До тех пор я бессилен. (У меня не хватает ни мужества, ни желания об этом говорить. Мне нечем ответить на обвинения, которые, я думаю, на меня посыплются. Не хочу до конца своих дней слушать, как жена будет угрызаться и каяться. Сам бы я в два счета себе простил, что отдал его. Жена не простит ни себе, ни мне.) Я не тот столп, который мог бы служить ей желанной опорой. Я молчу, подавляю свои чувства, упорно отказываюсь страдать заодно с ней. (Не стану делить с ней мое горе. Не желаю, чтобы она была к нему причастна. Оно мое и только мое.) Хорошо бы от меня никто не зависел. Сознание, что есть люди, которые во многих отношениях от меня зависят, ничуть не возвышает меня в собственных глазах. Это ведь такое постоянное бремя, и чем дальше, тем сильней я возмущаюсь всякий раз, как приходится ждать, чтоб она перестала плакать и цепляться за меня и вновь принялась укладывать столовое серебро в мойку или делать гимнастику для талии и бедер. (Не выношу, когда женщина плачет, кроме как на похоронах. Меня это ужасно выматывает.)

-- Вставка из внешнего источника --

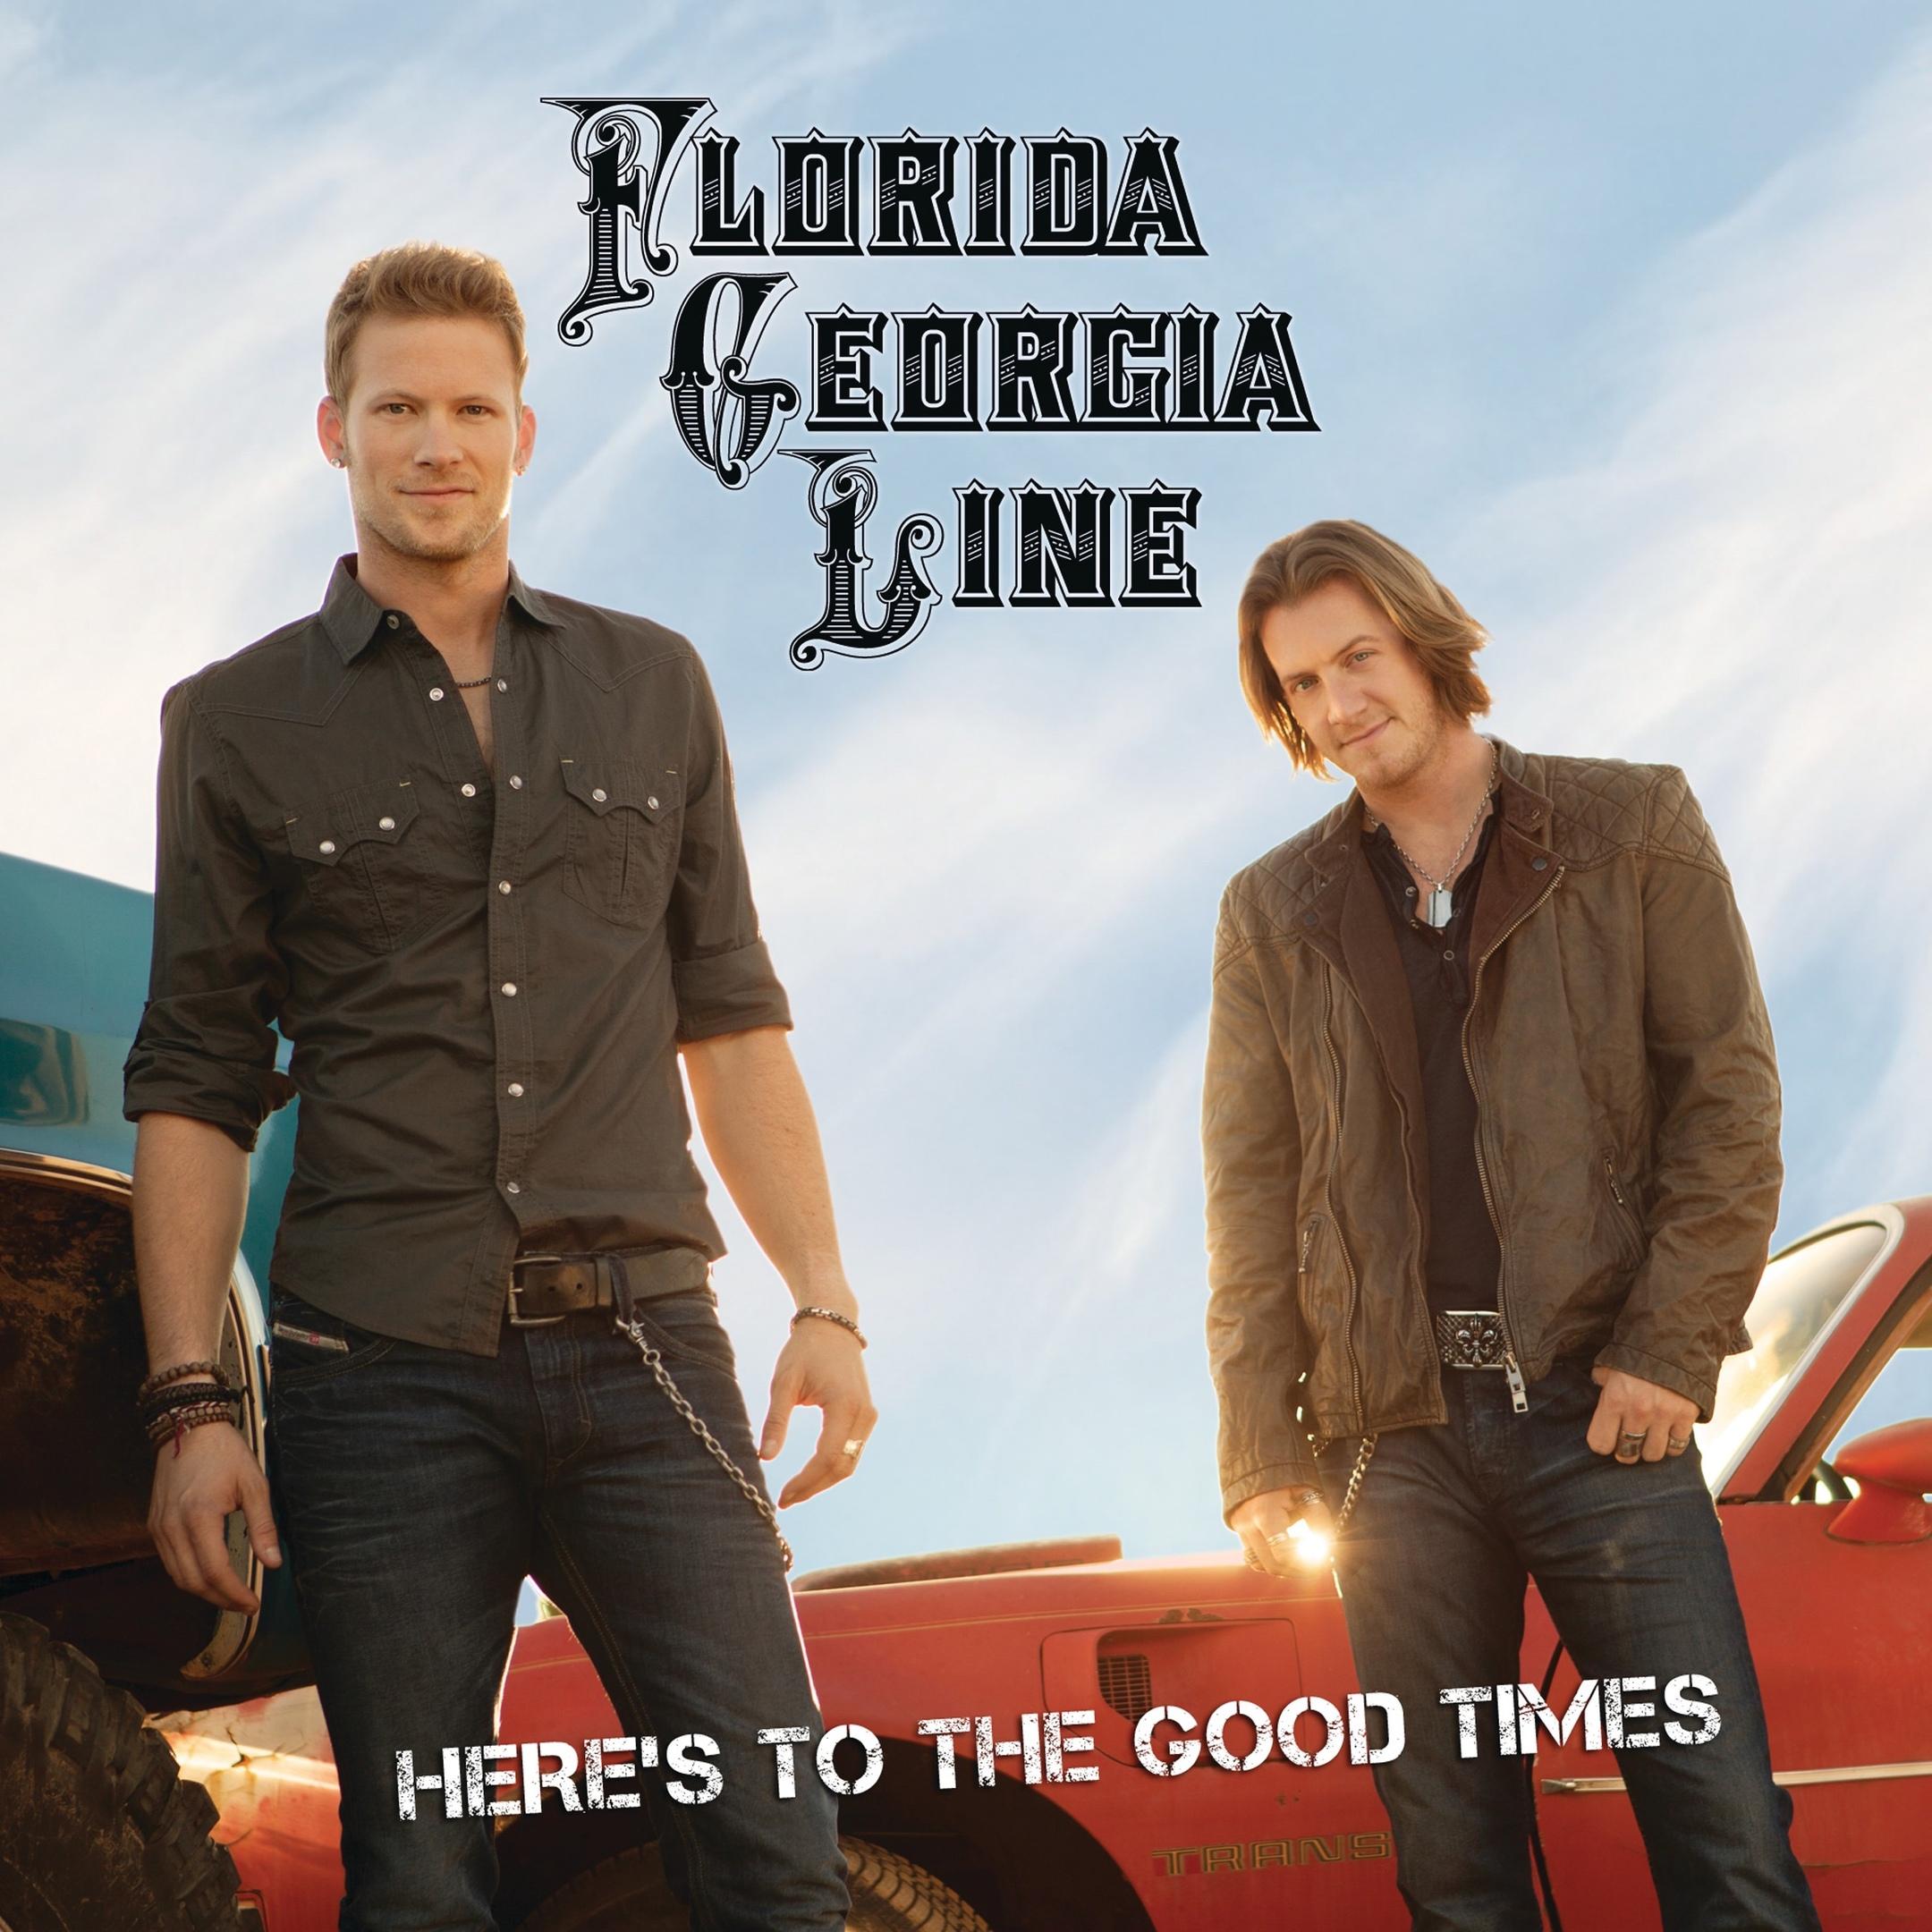 Florida Georgia Line album Here's to the Good Times

– От меня-то ты чего хочешь, будь оно все неладно? – рычу я на нее. – Это же, черт возьми, и мои дети тоже. Ты что, всерьез ждешь, что я стану жалеть тебя?

– Надо же мне с кем-то поговорить. Вовсе я не прошу, чтоб ты меня пожалел. Но неужели я даже не имею права сказать, каково мне?

– Позвони своей сестре. Ты ж прекрасно знаешь, черт подери, не могу я больше видеть слезы. – Не желаю знать, каково ей. Не желаю говорить с кем бы то ни было о Дереке. Не желаю, чтобы кто-либо мне рассказывал о своих бедах. (Оказывается, чем дальше, тем мне все трудней жалеть кого-нибудь, кроме себя.) – Не могу я тебе с этим помочь. Понятия не имею, чем тут поможешь. Не по моей воле так вышло, и я понятия не имею, как тут быть.

И ведь я прежде всех заметил неладное. Кто-то наслал на нас проклятье. Стоит мне подумать о нем, и сил и стойкости во мне – как в высохшем грибе или мокром палом листе. Я безучастен. Я все мог бы предсказать заранее. Когда педиатры говорили – это просто замедленное развитие, я уже видел, что у него еще и неверные движения. Казалось, колени, стопы, пальцы сгибаются не совсем так, как надо. Я углядел, что он не может подолгу держать голову прямо. Я чуял несчастье еще до того, как он родился (правда, та же тревога одолевала меня и перед рождением других наших детей). И боялся, вдруг родится монголоид. Я бы с готовностью загодя согласился на заячью губу или волчью пасть и доверился бы хирургам – всех трех доверил бы, – хотя не могу себе представить, чтобы мой мальчик или дочь сумели дотянуть даже до таких лет, как сейчас, с каким-либо серьезным врожденным уродством. Им и без того несладко. Не понимаю, как жена надеется, что я ее пожалею, ведь у меня с избытком хватает веских причин жалеть самого себя. И одна из причин – она.